#### What you are asked to do:
In the data below, find the line containing "obvestilo pp jesenice" and the line containing "頭帶N1003647010OS - 黑白紅藍", then reproduce them and every line between, exactly. Omit pictures.

#### Data under study:
***

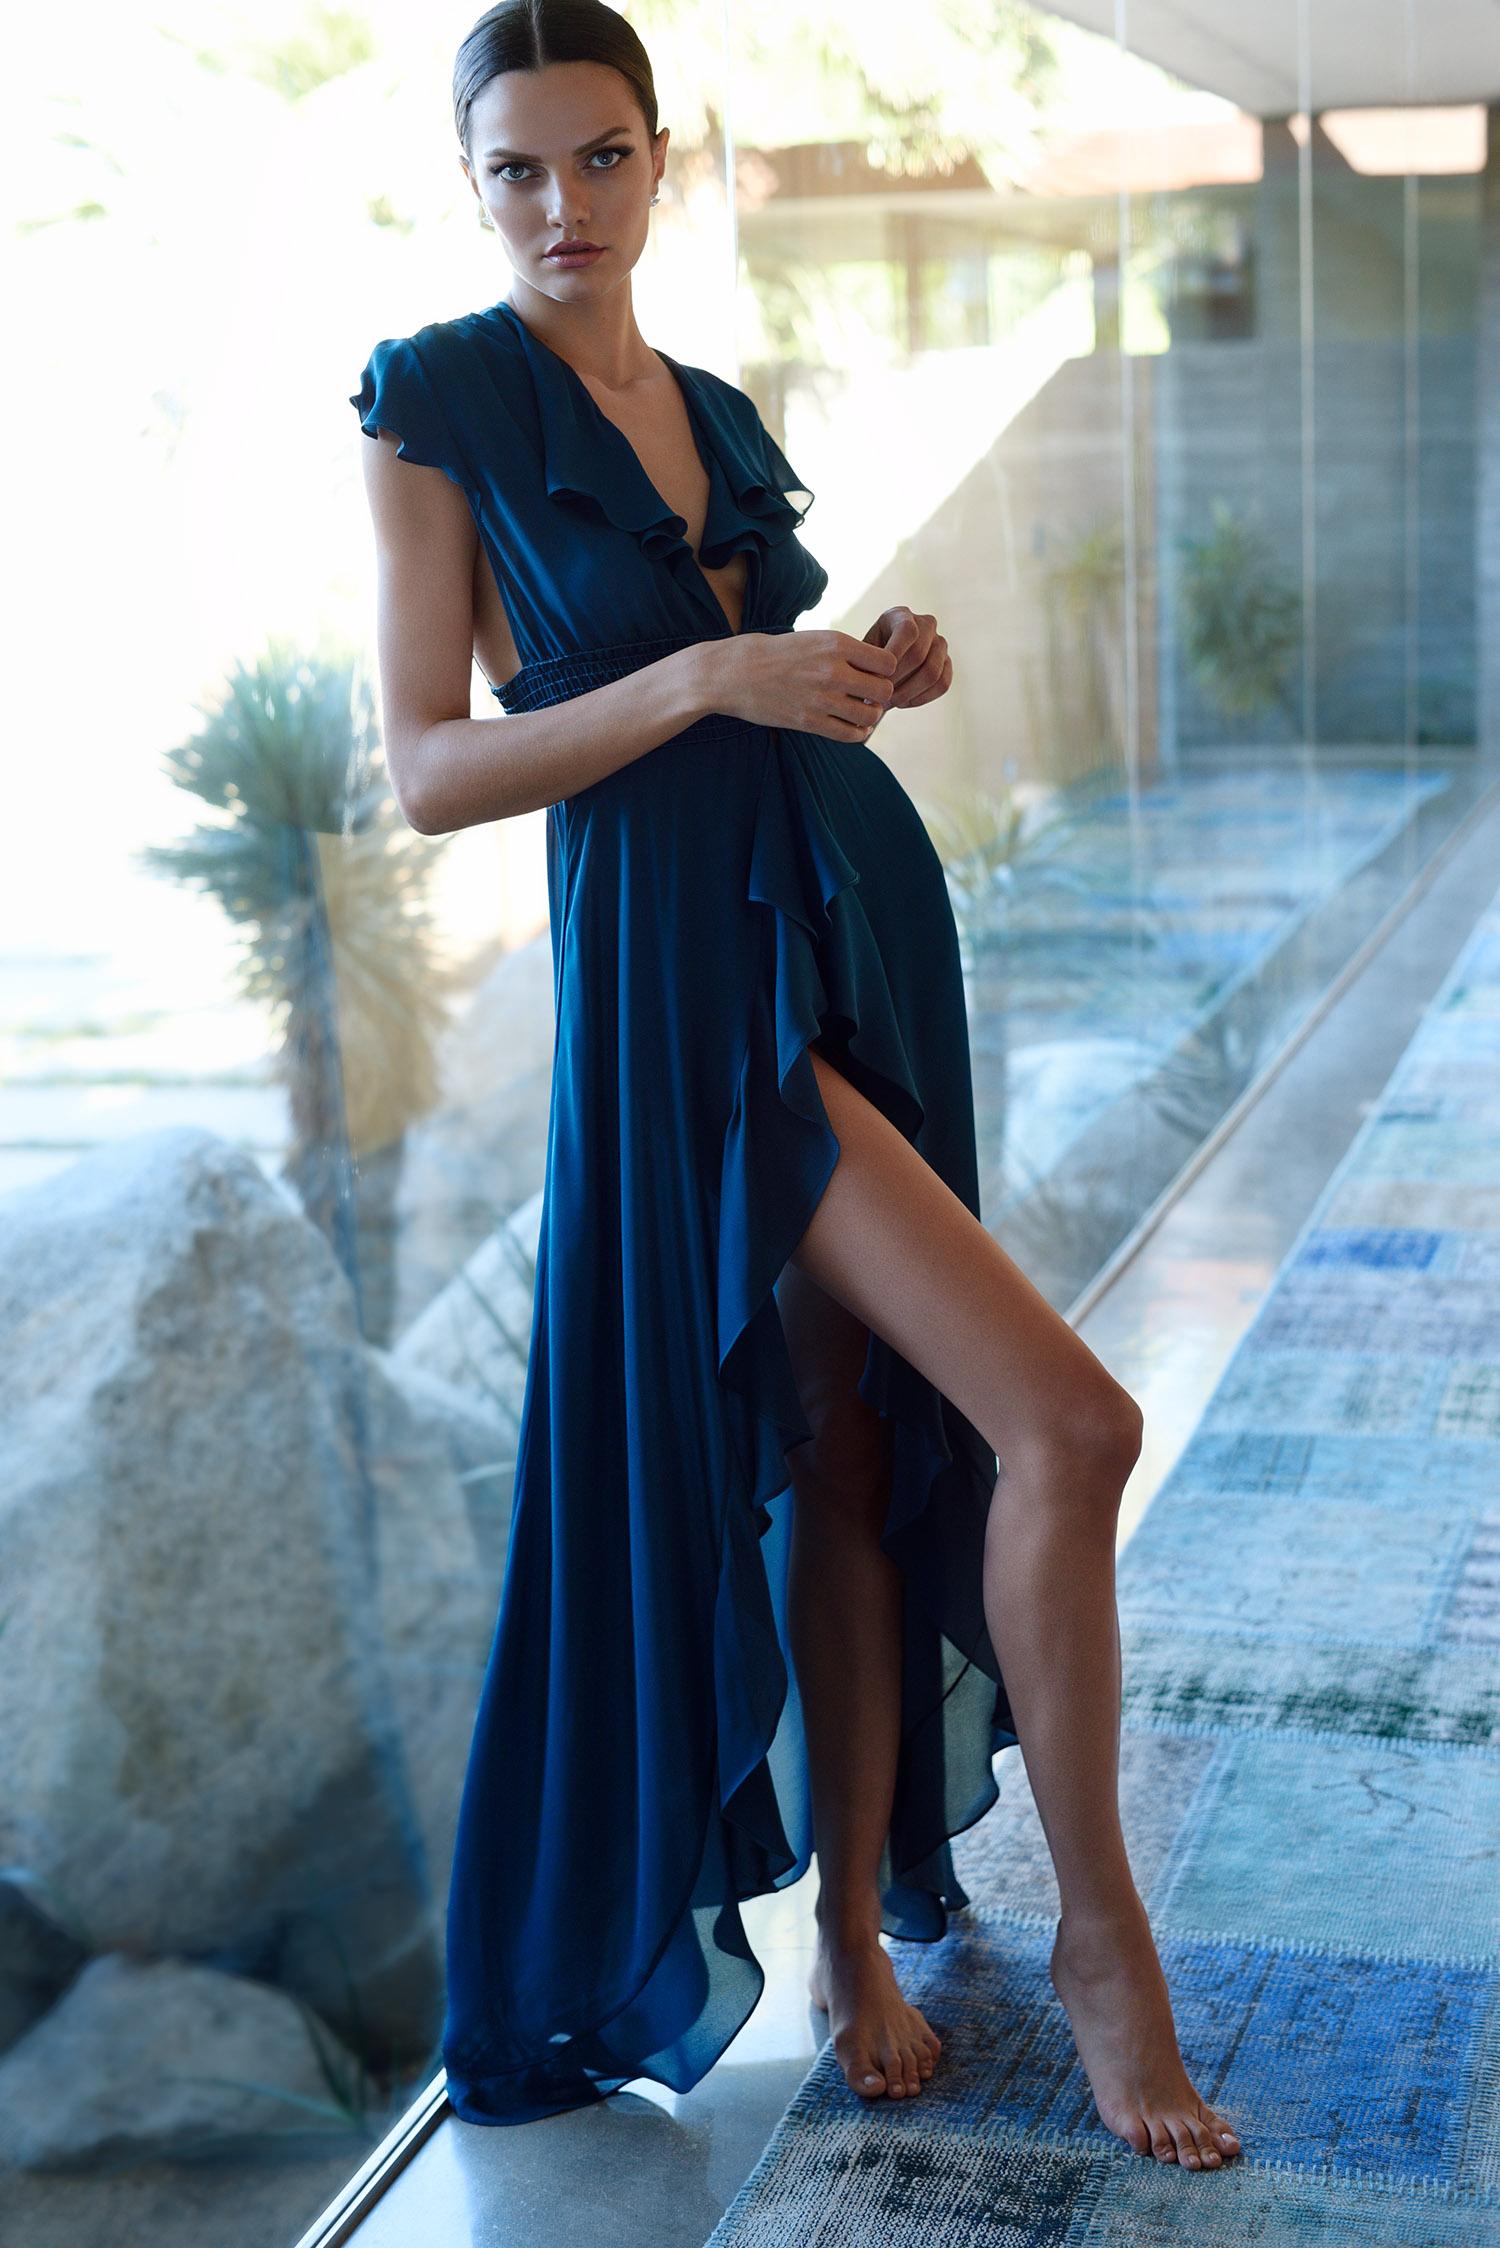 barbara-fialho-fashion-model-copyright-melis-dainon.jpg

***

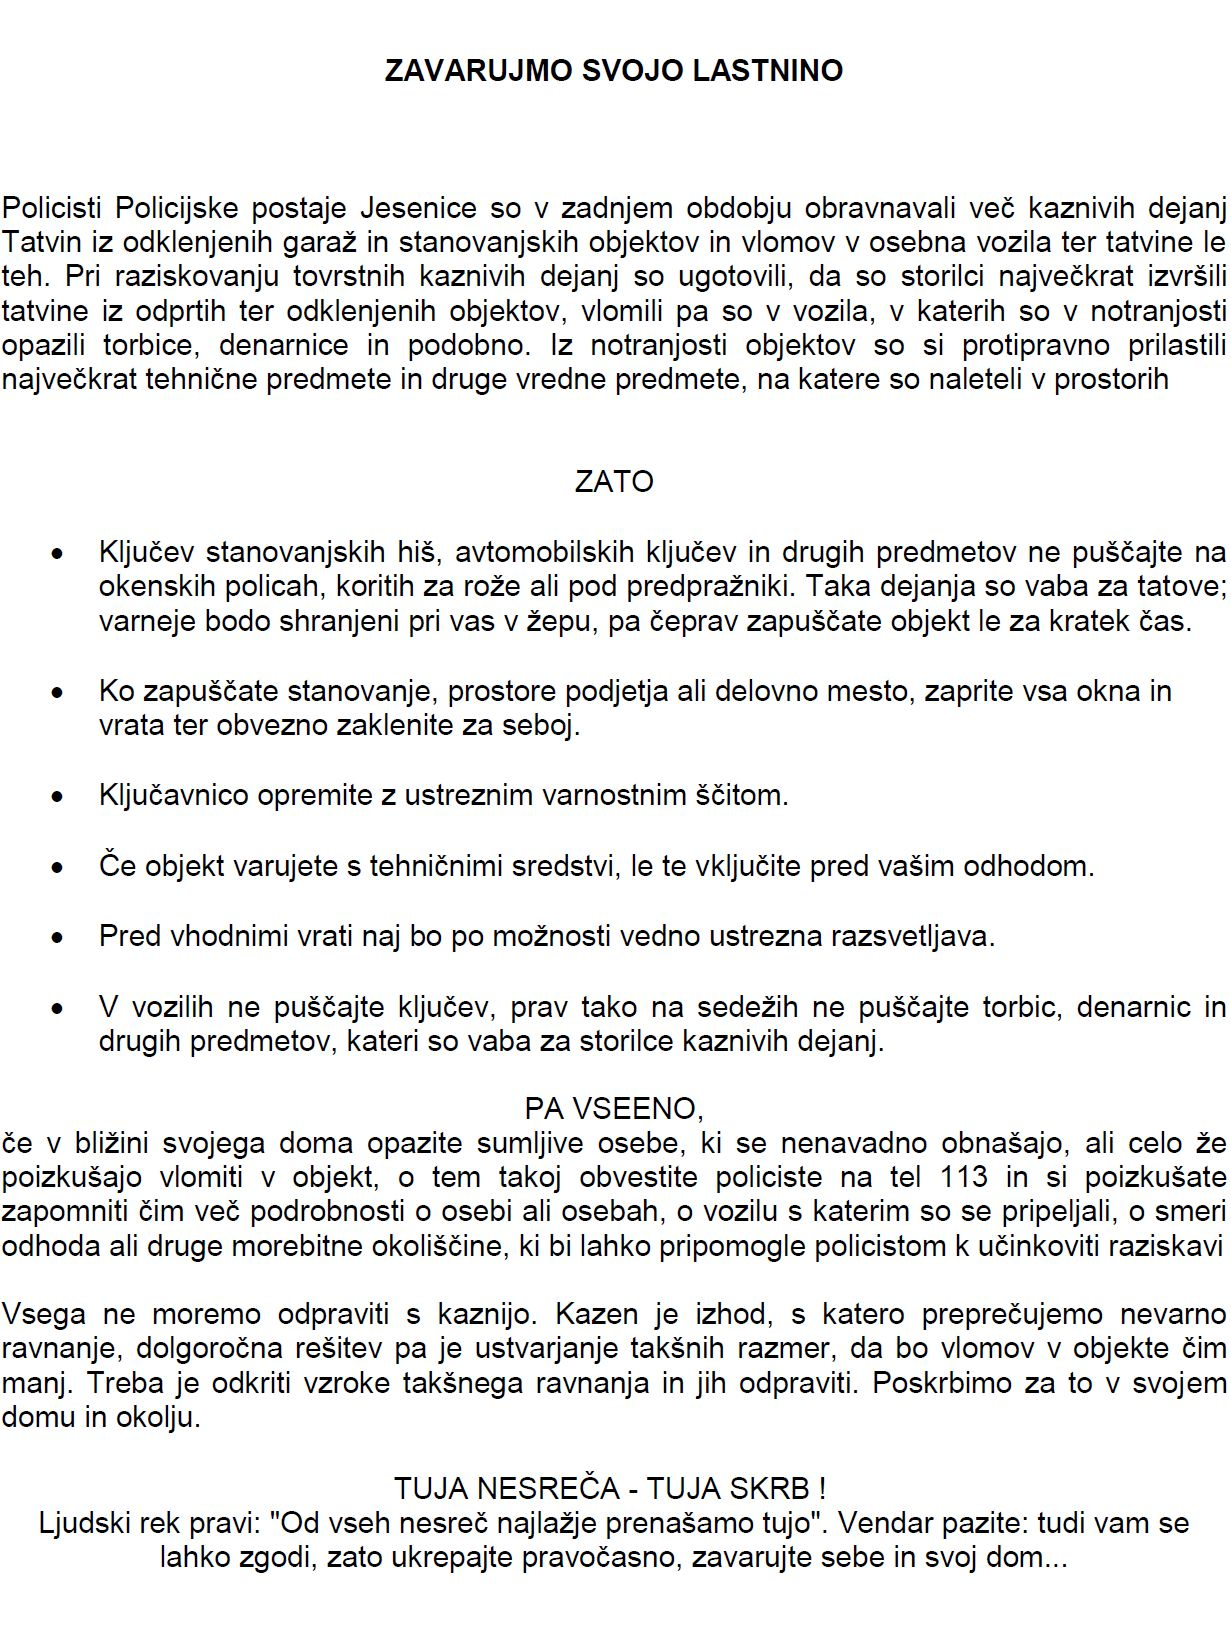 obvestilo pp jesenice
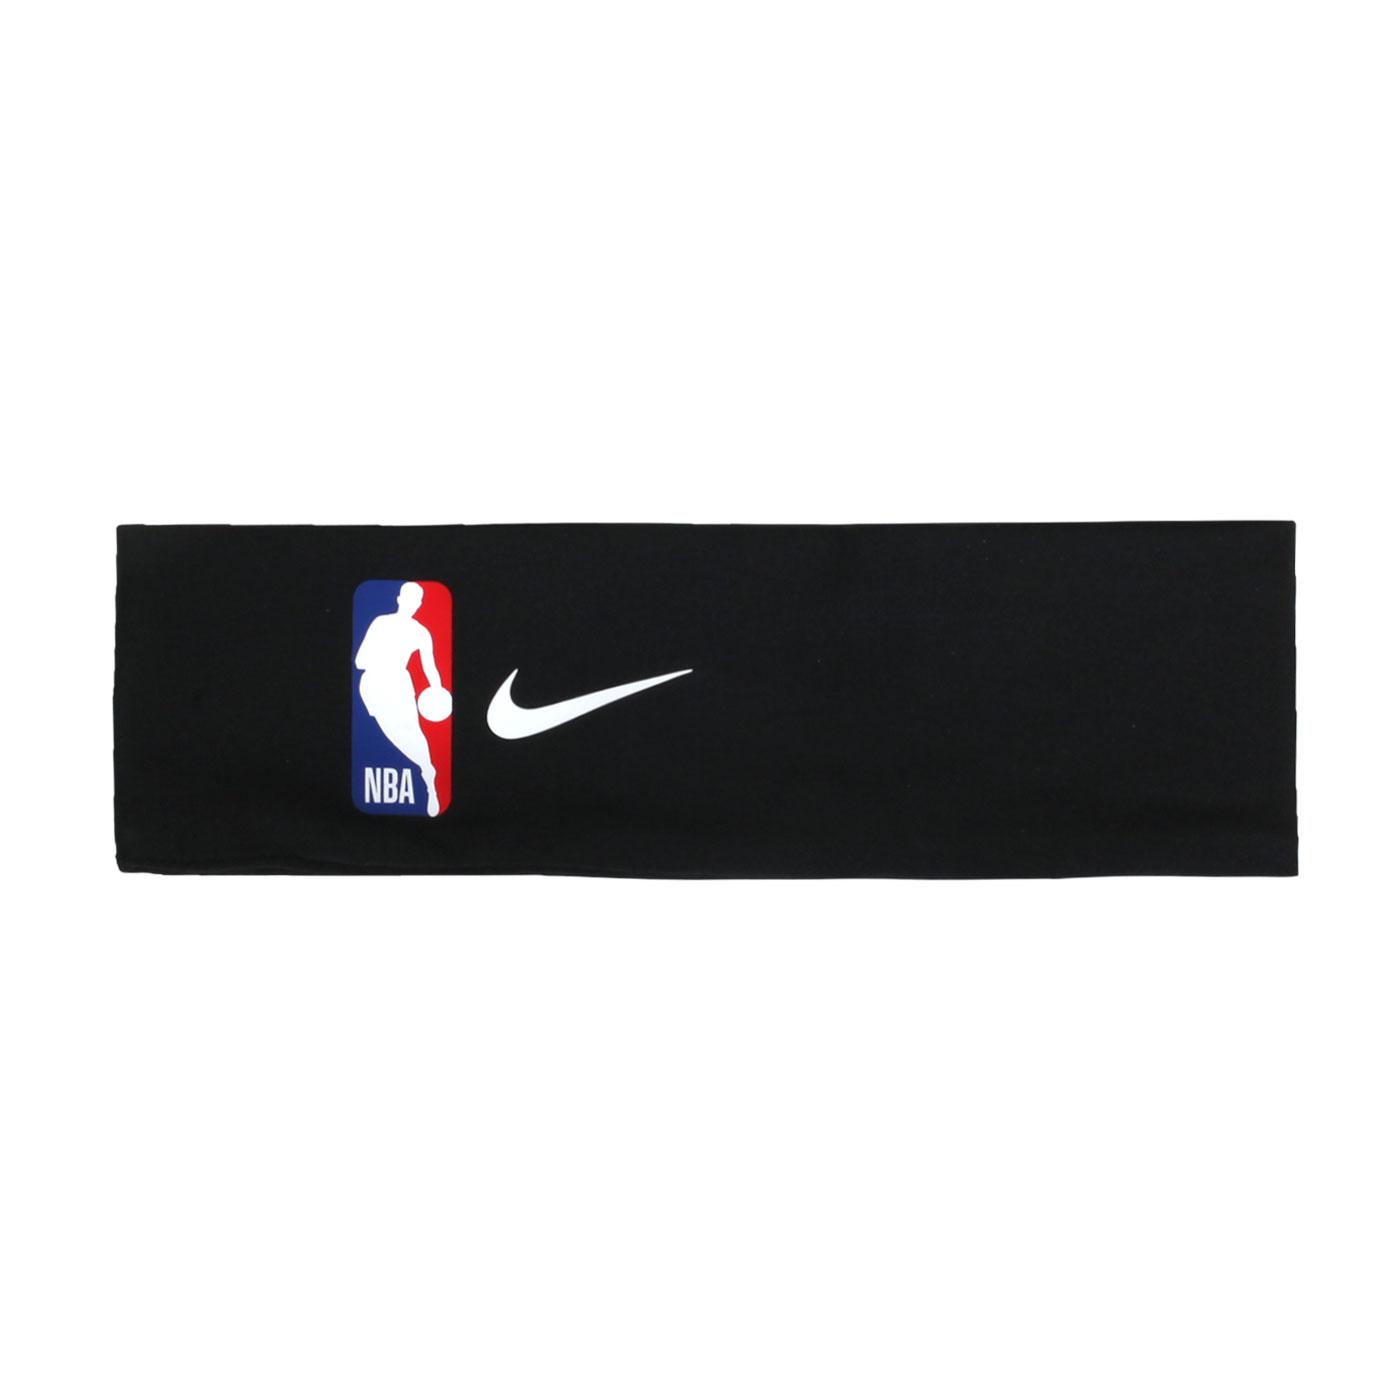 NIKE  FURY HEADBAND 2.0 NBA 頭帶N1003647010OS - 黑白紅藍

***

#### Response for this exercise:
 obvestilo pp jesenice
 NIKE  FURY HEADBAND 2.0 NBA 頭帶N1003647010OS - 黑白紅藍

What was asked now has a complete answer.